7/22/2008
Author: Devin Pickard
Title: Mr. Brown
The year was 1914....Ford Motor Company announces eight hour work days and a minimum wage of $5 for a days labor....U.S. President Woodrow Wilson signs the Mother's Day proclamation....Baseball legend Babe Ruth makes his major league debut with the Red Sox....and the first shot was fired signifying the beginning of World War I. I dare say that very few who read this were even around at the time to know that any of those things had taken place. The Fairfield Church of Christ is blessed to have a few folks who could say they were born in a time when the 1800's were just in the rear view mirror. They can tell you of a galaxy far, far away....a time where there was no television, cell phones or Internet. These folks from the Lost Generation, as Ernest Hemingway calls it, can remind those of us who are spoiled 21st century citizens that there was an age in which most folks had no running water, no electricity, and when the word facilities was mentioned, it simply meant a little wooden shack at the end of a well traveled path out back behind the house.
This past Sunday, one of God's finest servants, Carl Brown Rivers was laid to rest in the family cemetery down on Lowe's Bend. Bro. Rivers was one of those special people who came from such a time as mentioned above. God allowed Brown to hang around long beyond the four-square years that we read about in the Bible....you might could even call him and his peers modern day Methuselahs. Mr. Carl was not unlike most of his generation....he worked long, hard hours on the farm, raised a fine family and had a life centered around Almighty God. He would be the first to tell you that he gave the credit for all the good things in his life to the Lord. He was blessed to be able to marry his sweetheart Mary in 1936, and in the years following become daddy to 3 girls, Gelene, Jeanette, and Linda. When Mrs. Mary passed away in 2004, she and Carl were just 2 years shy of being married 70 years....yes....70. Mr. Rivers was from a generation that meant what they said and whose word was golden whether it was to God or man. When Mrs. Rivers became sick, her knight in shining armor became her main caretaker and was faithful to her to the very end. He understood that the for better or worse and till death do us part sections of the equation of marriage and life were not just words....but rules to live by.
A few years ago, Mr. Rivers daughter, Linda, wrote a short biography about her daddy's hands. She mentioned all of the things that she and her sisters had witnessed those hands do over the years....plant crops....sling bales of hay....help bring new calves into the world....swing a switch to the bottom of an unruly daughter on occasion....and cook a meal, just to name a few.

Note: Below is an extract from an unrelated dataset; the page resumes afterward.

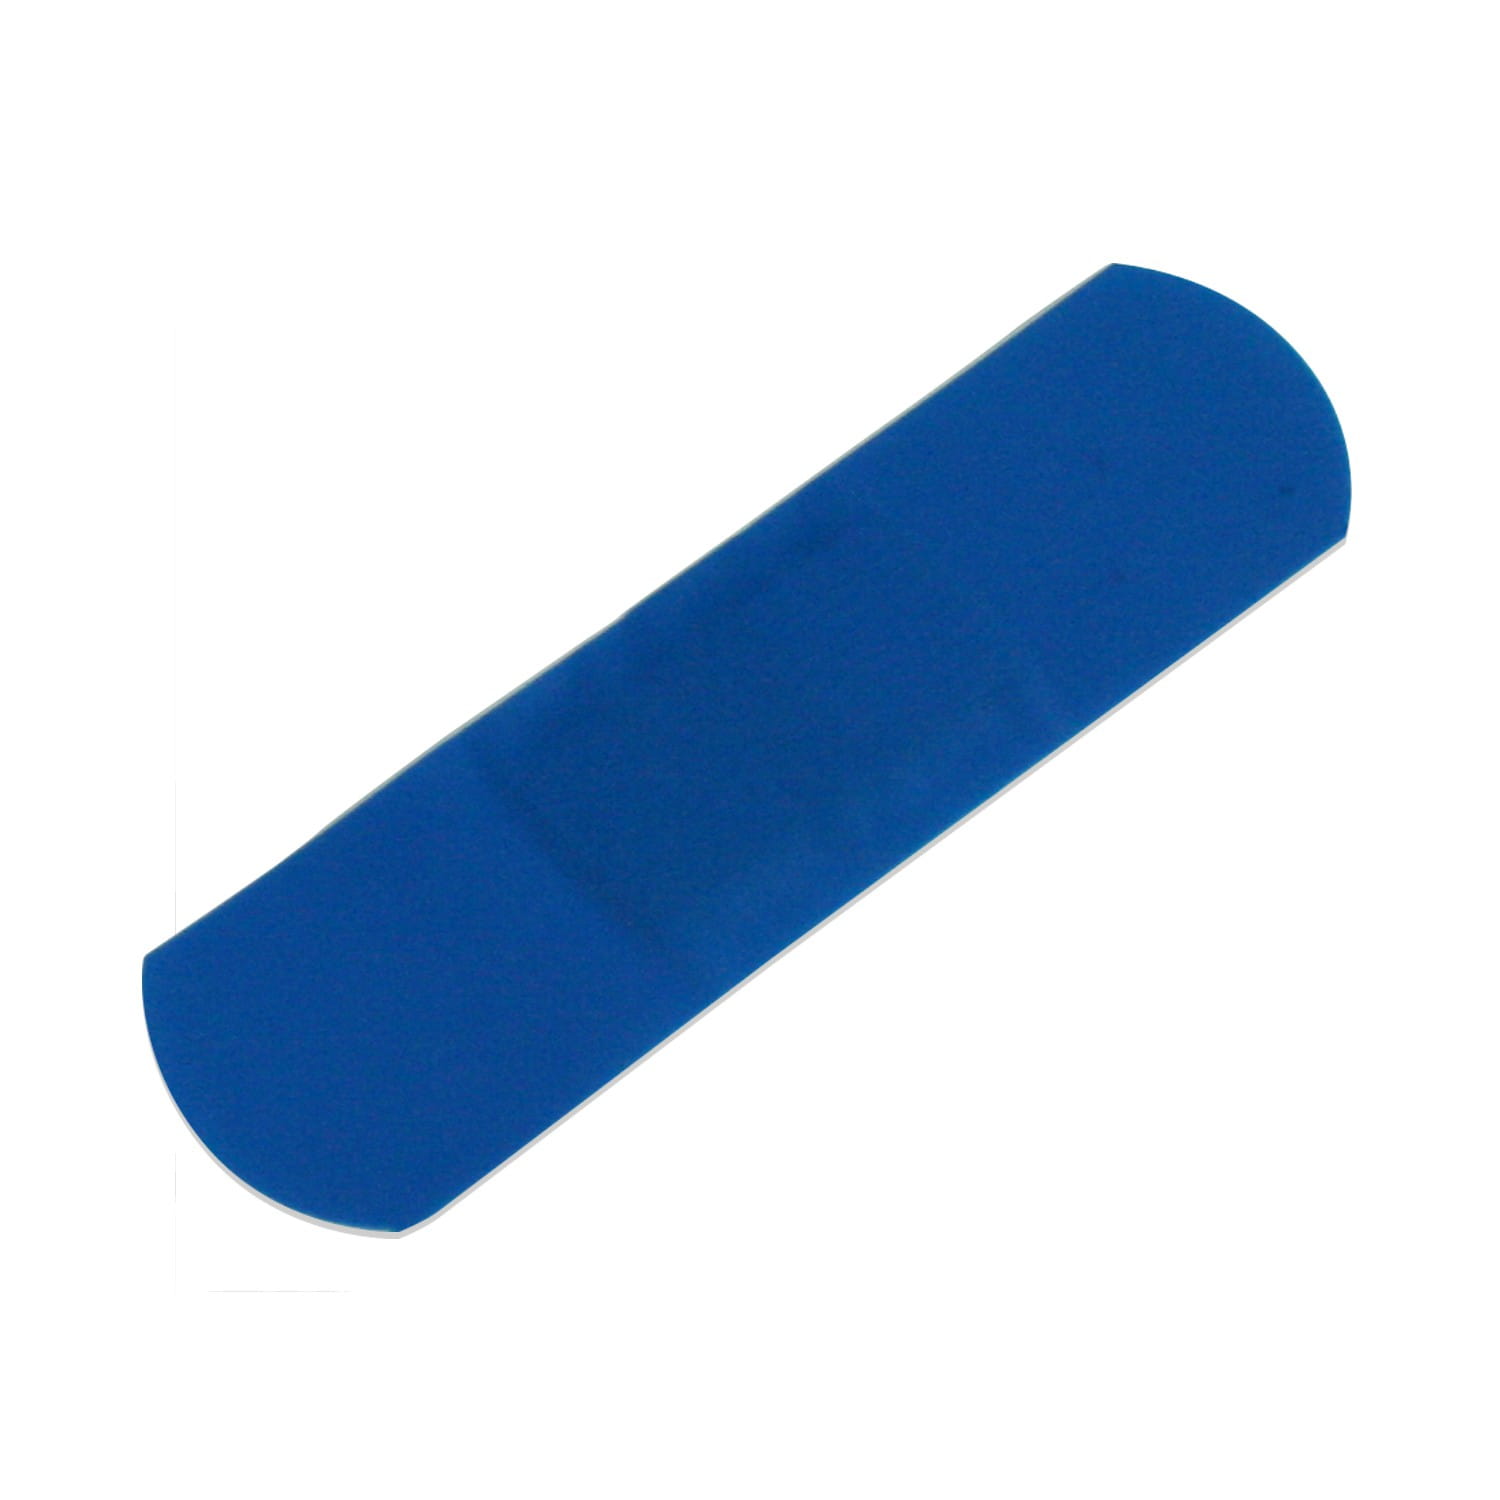 Detectable Pflaster Wundpflaster Blau verschiedene Größen

Linda even mentioned that he, along with his neighbors, once helped dig graves for several members of a local family killed in a mass murder. I'm satisfied those hands saw a lot during their 94 year existence....experiences that could produce a novel.
Besides Mrs. Mary, Mr. Carl was also preceded in death just a few months ago by daughter Gelene. He now rests in peace next to she and his lifelong bride. The last time I saw him Sunday, those worn-out hands were gently folded in rest. Wouldn't it be neat if we could hear those hands talk now? If so, I'm sure they would speak of holding the hands of a wife and daughter....oh, and by the way....the Creator of the Universe.